En septembre de 1870, Goulet est aperçu dans le village de Winnipeg par un homme qui avait été prisonnier de Riel sous le gouvernement provisoire. Avec deux membres du corps expéditionnaire de Garnet Joseph Wolseley, ils poursuivirent Goulet qui s'enfuit à pied vers la rivière Rouge. Goulet essaye de se rendre à Saint-Boniface en traversant la rivière à la nage. Ses poursuivants lui jettent des pierres, dont une frappe Goulet à la tête et l'assomme. Goulet se noie dans la rivière Rouge.

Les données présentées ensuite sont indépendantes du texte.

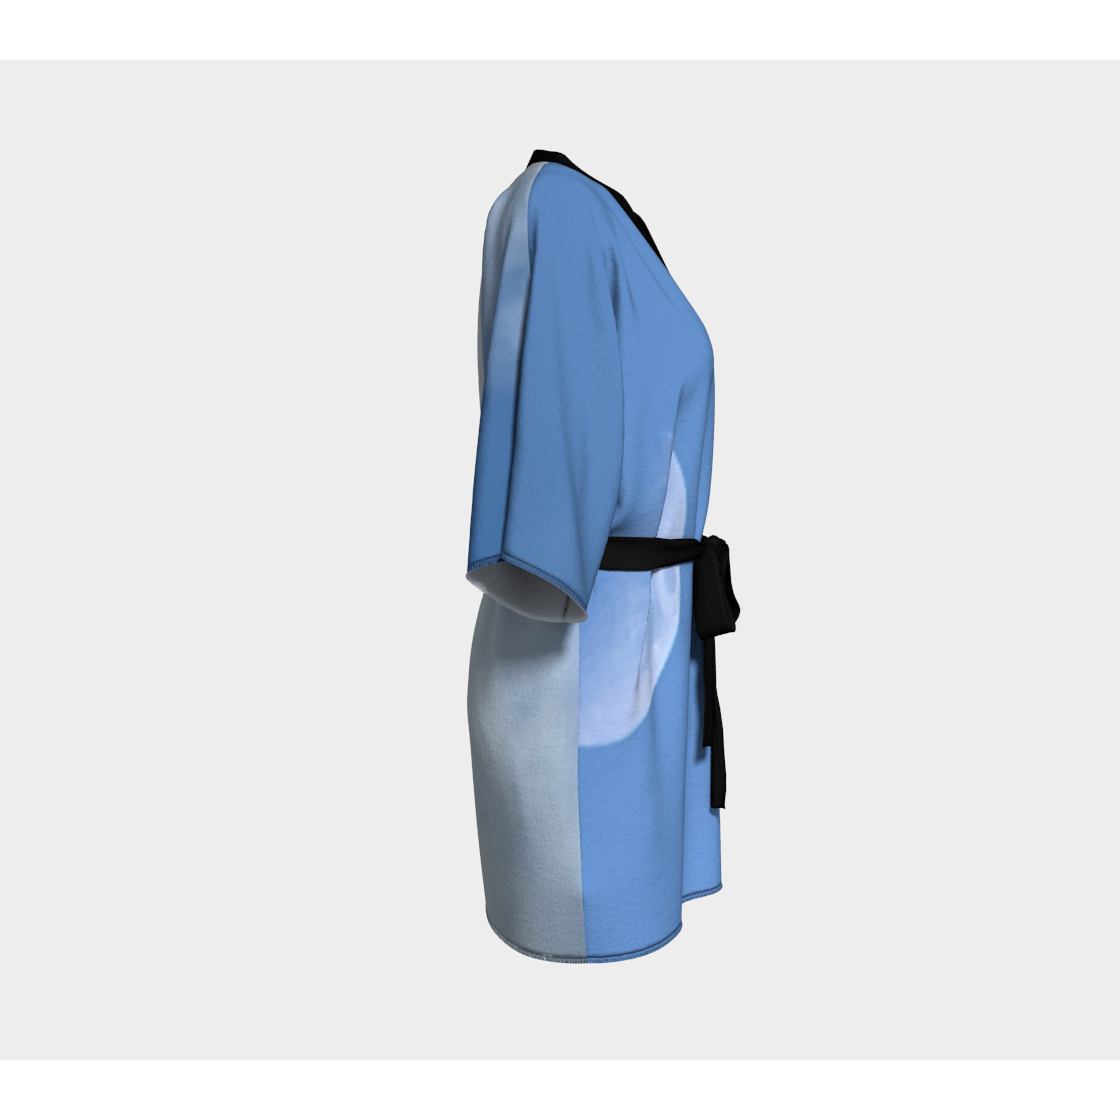 Kimono Robe for women with: Half Moon Design, Right Side

Le Parc commémoratif Elzéar-Goulet est situé le long de la rivière à Saint-Boniface, au nord du boulevard Provencher sur l’avenue Taché. Elzéar Goulet figure parmi les Métis reconnus lors de la commémoration des tombes tenue par l’Union nationale métisse Saint-Joseph du Manitoba le 16 novembre chaque année.

EE-344

Robe métisse

La provenance de cette robe n'est pas connue, mais elle faisait partie des collections originales de la Société historique de Saint-Boniface (SHSB). À la suite de la création du Musée de Saint-Boniface, la SHSB transfère au fil du temps la majorité des objets de ses collections au Musée, pour qu’elle puisse se concentrer davantage sur les archives. L'état de la robe suggère qu'elle est possiblement endommagée lors de l'incendie de la Cathédrale en 1968, époque où le musée de la SHSB se retrouve dans le sous-sol de la Cathédrale. Bien que cataloguée à l’origine comme étant une robe métisse, la coupe n’est pas typique des robes métisses documentées et il existe une photo dans la collection de Bibliothèque et Archives Canada qui démontre une femme Dakota (la femme de Sitting Eagle) portant une robe dont la coupe est très semblable.